Топориха прослезилась:
— Вишь! Меня, охальник, в неволе вспомнил.
— А дальше? — нетерпеливо требует Любаша. — Дальше?
— Софоня — ушлый мужик! Мигнул дружкам: в рот больше ни капли. А там, наверху, фрицы перепились, захрапели. Мой муженек полез по канату первым. А у самого руки дрожат — вдруг проснется какой-нибудь фриц да огреет по башке саперной лопаткой? Даже пули тратить не будет. Ничего! Пронесло! За ним — дружки. Словом, вся ихняя бомбенкоманда сыпанула в разные стороны…
— И дедушку не схватили?
— Ты его сперва найди! — не скрывает восхищения Топориха. — Где не прятался! И в развалинах, и в вонючей трубе, и в пустой будке глодал косточки, трясся от холоду, как собака. А ночью по разбомбленному Берлину крался. Потом в лесу ягоды глотал, сиськи приблудной козы сосал. Одно слово: сапер!
— И выжил?
— Точка. Все. Включай телевизор, внученька. Не то олимпиаду прозеваем.

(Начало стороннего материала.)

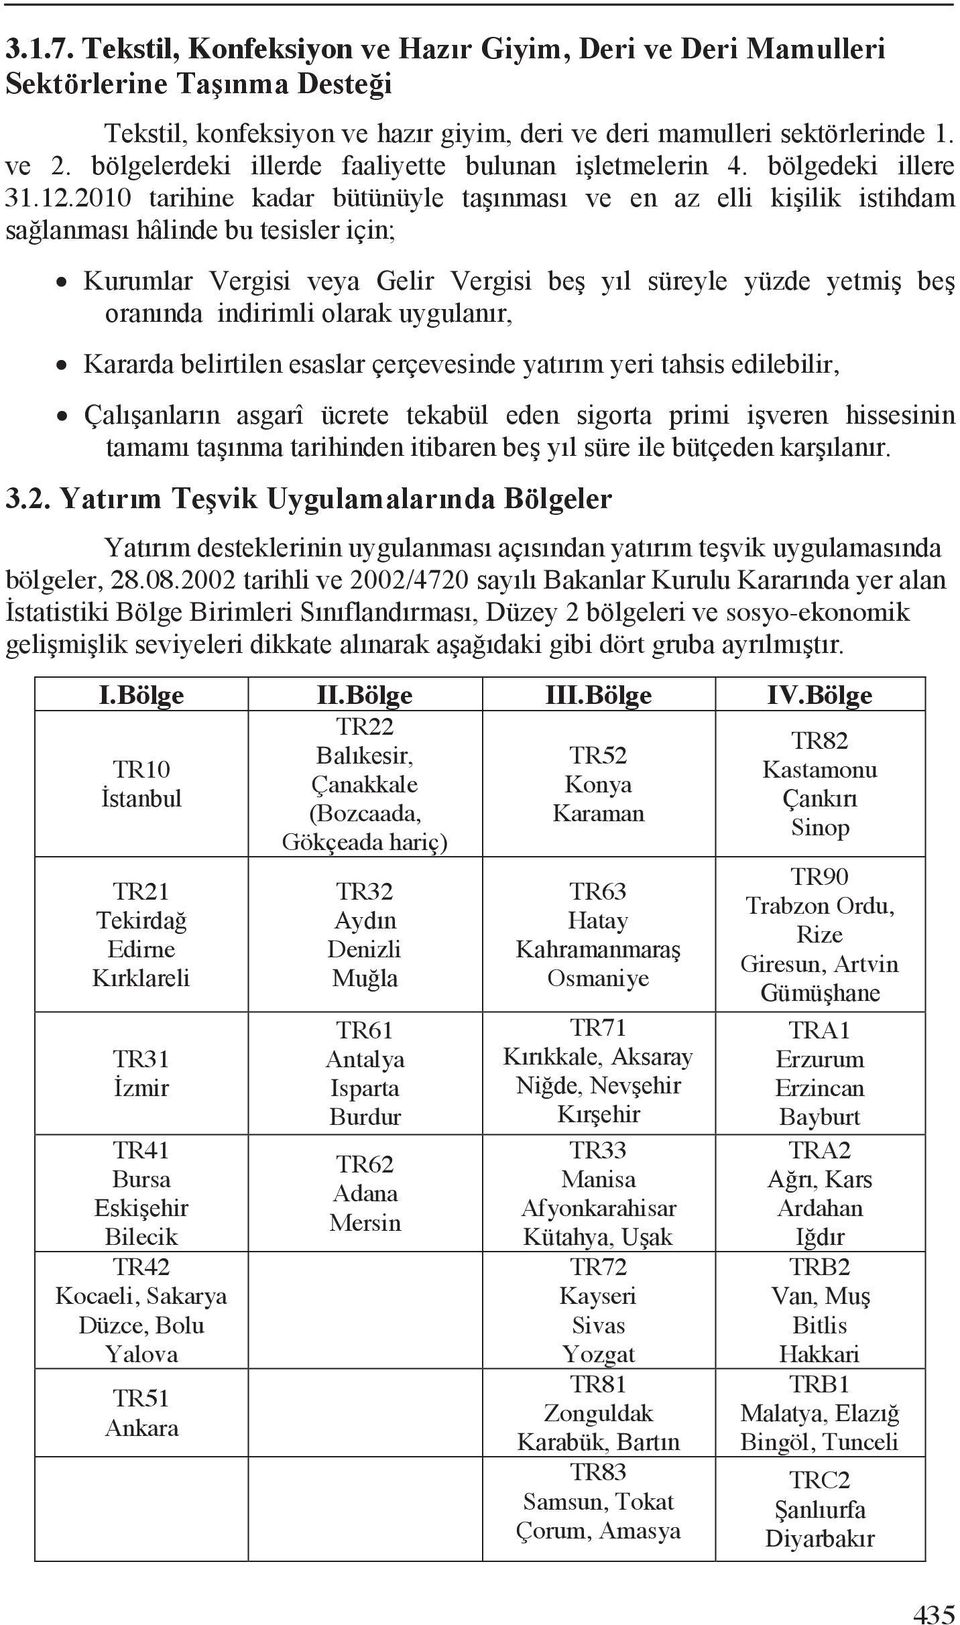 Bolu Yalova TR51 Ankara TR32 Denizli TR61 Antalya Isparta Burdur TR62 Adana Mersin TR63 Hatay Osmaniye TR71 TR33 Manisa Afyonkarahisar TR72 Kayseri Sivas

И под старинными деревянными часами вспыхивает голубой квадрат.
7. Ночь шестая
— Как же дедушка выжил? Как вернулся?
— А куда же он от меня денется? — усмехается Топориха. — Навстречу нашим танкам на паре здоровенных немецких битюгов вылетел. Заливается: «Эх вы, кони мои вороные!..» А сам весь — в коже и в кубанке с красной ленточкой. Орел! А домой вернулся с новой балалайкой.
— А вы в чужой хате? — не утерпела внучка.
— Это в какой же чужой? — рассердилась тетка Лизавета. — Настя и я — одна семья. Только вот детишки мои… — Вздрогнула. — Боль моя… Кровь моя… — И закрыла лицо жесткими ладонями. — Красуню Клавушку на березе повесили. И на чем? На длиннющей русой косе… — Задыхается.
— За что? — шепчет потрясенная внучка.
— За то, что в лес ходила. По хворост. Душегубы! Думали, к партизанам. Слушай, Любаша, слушай. Запоминай. Мамку твою схватили, хотели в колодец…
— Как в колодец? — ужаснулась Любаша.
— А так. Орут: «Киндер партизан!» Остервенела я, вырвала Лесеньку из их поганых рук. Кричу: «Гады! Душегубы! Это же последняя. Лучше меня бросайте!»
— А они?
— Что они? — помедлила. — Стоят, как столбы. Не посмели.
— Почему же мама мне не говорила? — вырвалось у Любаши. — Столько лет.
— Почему, почему… — нахмурилась тетка Лизавета. — Да потому, что на личность она — чистый Топорок, а характер — мой. Ну зачем трепаться? — Тяжело вздохнула. — Лесеньку-то я спасла, а вот Клавушку… — И захлебнулась.
— Бабуня, не мучай себя…
— Не могу. И мой Софоня плакал, как ребенок. И Настя… И Лесенька… И даже Яшка-бирюк. Взрослые уцелели, а детишек… — Помедлила. — Господи! Да лучше бы меня…
— И бабушка Настя была жалостливая, как ты?
— Как же! — Топориха задумалась. — А вообще-то мы разные. Я люблю и пеку все крупное, как куличи, а она — маленькое, кругленькое, как жаворонки. И голосок у нее был, как у жаворонка. Динь-динь-динь! Динь-динь-динь! Пташка божья. Всю душу моей Лесеньке отдала. Твоей маме. — Задумалась. — Ты вспоминай ее, внученька, вспоминай!
— Жаль, что я ее плохо помню, — признается Любаша. — Только коса в памяти осталась. Длинная, русая, чудесная.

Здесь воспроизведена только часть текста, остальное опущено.